What does mean to minimize objective function with "less than" inequality constraints? Aren't you suppose to minimize with "greater than" constraints, like
in example 1?
Example 1 (understand this)
$$\begin{align} \text{max } x_1 & +5 x_2 \\
\text{s.t. } x_1 & \le 150 \\
x_2 &\le 350 \\
x_1+x_2 &\le 400 \\
x_1 , x_2 &\ge 0
\end{align}$$
I get this: the objective function wants to be as large as possible, but the constraints put an upper bound on $x_1, x_2$.
Example 2 (don't understand this)
$$\begin{align} \text{min } & f_0(x) \\
\text{s.t. } & f_i \le 0 \text{ } i=1,…,m \\
\end{align}$$
where $f_0,..,f_m$ are convex functions. (Eq. 4.15 Convex Optimization)
This seems unbounded below. But since it's convex, it's bounded below? So, you are minimizing a convex function that satisfies a bunch of other convex functions.
Am I understanding this correctly? What's the point of this? Can someone provide a numerical example?
Thanks in advance!
=============================DIVIDER LINE===========================
Follow up question:
Generally, $f_i(x)$ need not to be convex for $i=1,…,m$
$$\begin{align} \text{min } & f_0(x) \\
\text{s.t. } & f_i \le 0 \text{ } i=1,…,m \\
\end{align}$$
This is unbounded below. Isn't the solution $-\infty$?
Best Answer
Notice that $x^2-1$ is a convex function. If we consider $x^2-1 \ge 0$, we have $x \ge 1$ or $x \le -1$. That is the feasible set is not a convex set.
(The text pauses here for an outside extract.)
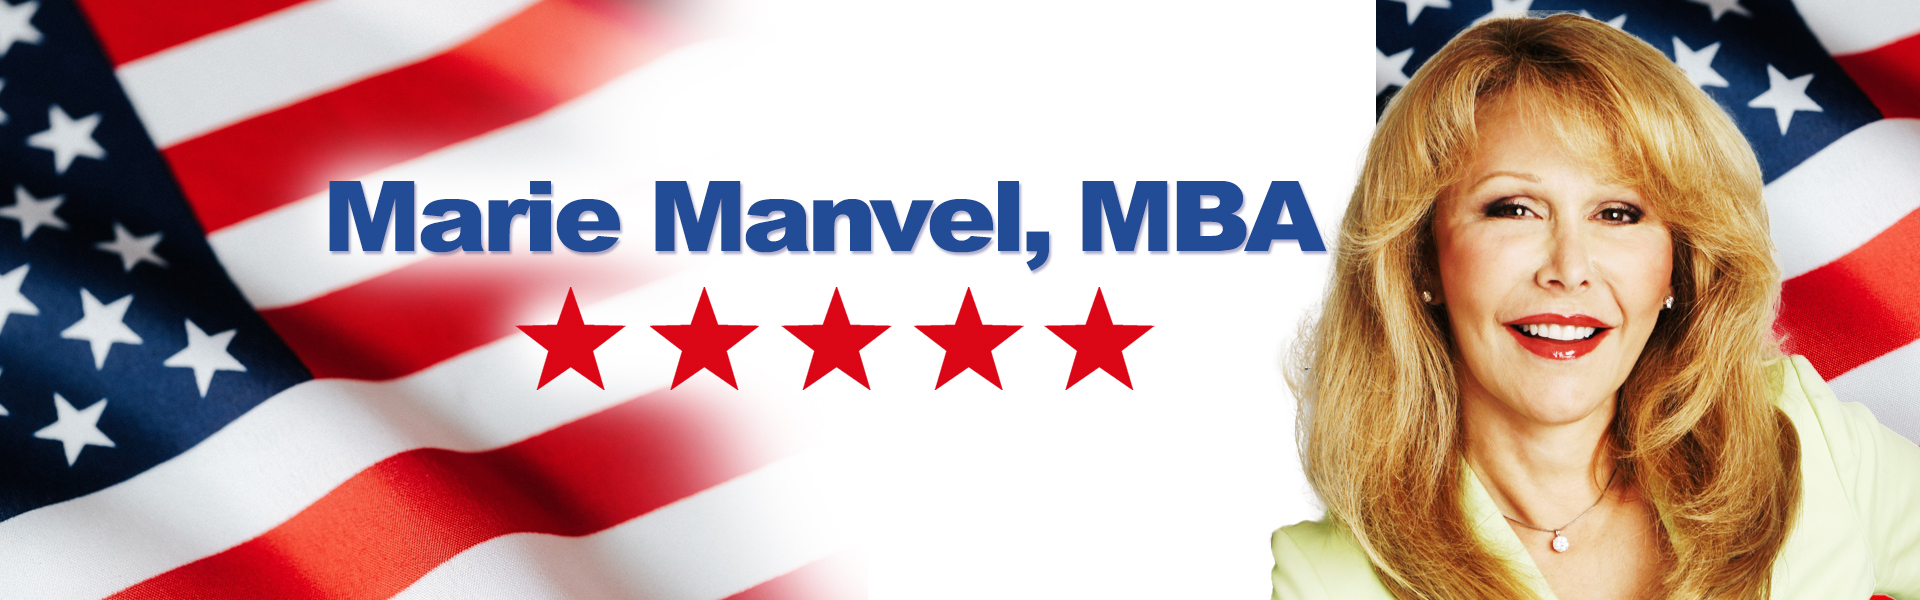 Marie Manvel MBA Banner

However, notice that $x^2-1 \le 0$ is equivalent to $-1 \le x \le 1$ is convex.
In general, we know that $\{ x \mid f_i(x) \le 0\}$ is a convex set and their intersection, that is the feasible set that you have written down is a convex set. It is a desirable property to minimize a convex objective function over a convex set, in particular, we know that a local minimum is a global minimum.
Also, notice that the first example is a special case of the general form.
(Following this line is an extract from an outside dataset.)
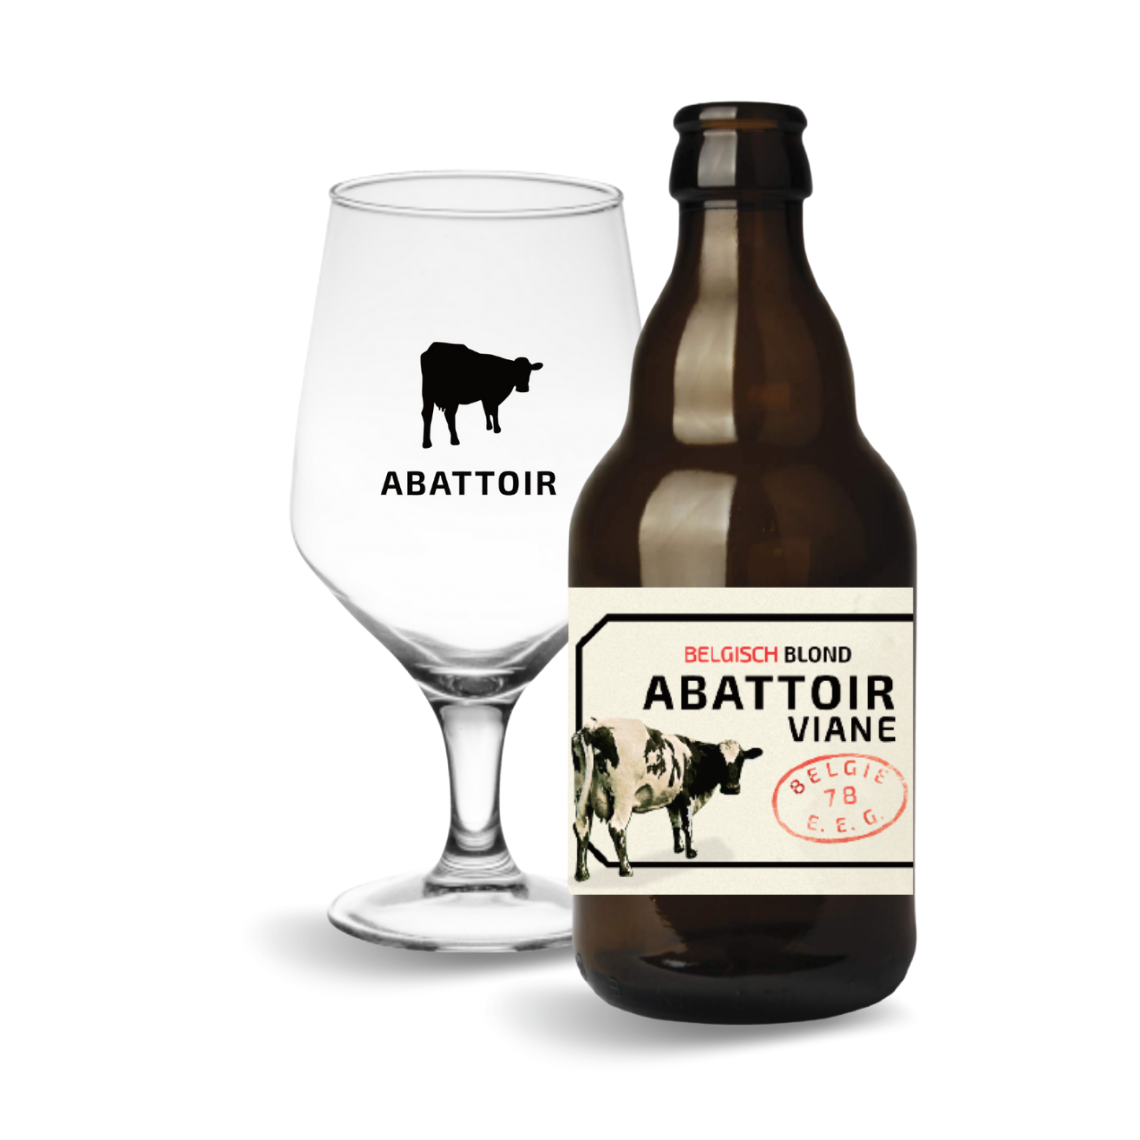 Maar Toevlucht verdrietig Abattoir Viane | Belgisch bier uit Geraardsbergen | Online bier kopen

$$\begin{align} \text{max } x_1 & +5 x_2 \\ \text{s.t. } x_1 & \le 150 \\ x_2 &\le 350 \\ x_1+x_2 &\le 400 \\ x_1 , x_2 &\ge 0 \end{align}$$
Is actually equivalent to
$$\begin{align}- \min -x_1 & -5 x_2 \\ \text{s.t. } x_1 & \le 150 \\ x_2 &\le 350 \\ x_1+x_2 &\le 400 \\ -x_1 &\le 0 \\ -x_2 &\le 0 \end{align}$$
Here $f_0$ is just $-x_1-5x_2$ and the $f_i$ are just the LHS of the constraint.
We can flip the inequality by multiplying a negative sign and in fact the general form even include the first form. The general form doesn't tell us whether $x_i$ is bounded above or below since linear functions are convex and we can flip the inequality signs. The crucial propery here is convexity.
For the follow up question:
Even if $f_i$ is not convex, it is still possible for the feasible region to be bounded. In fact, in special cases, it is even possible for it to be convex. As an example
Consider $$x^3-1 \le 0$$
Even thought the function $x^3-1$ is not convex, the feasible region is just $x \le 1$.
Imposing $f_i$ to be convex explicitly gives us a convenient way to construct a convex set and also use its properties in deriving algorithms or investigate property of this form of problems.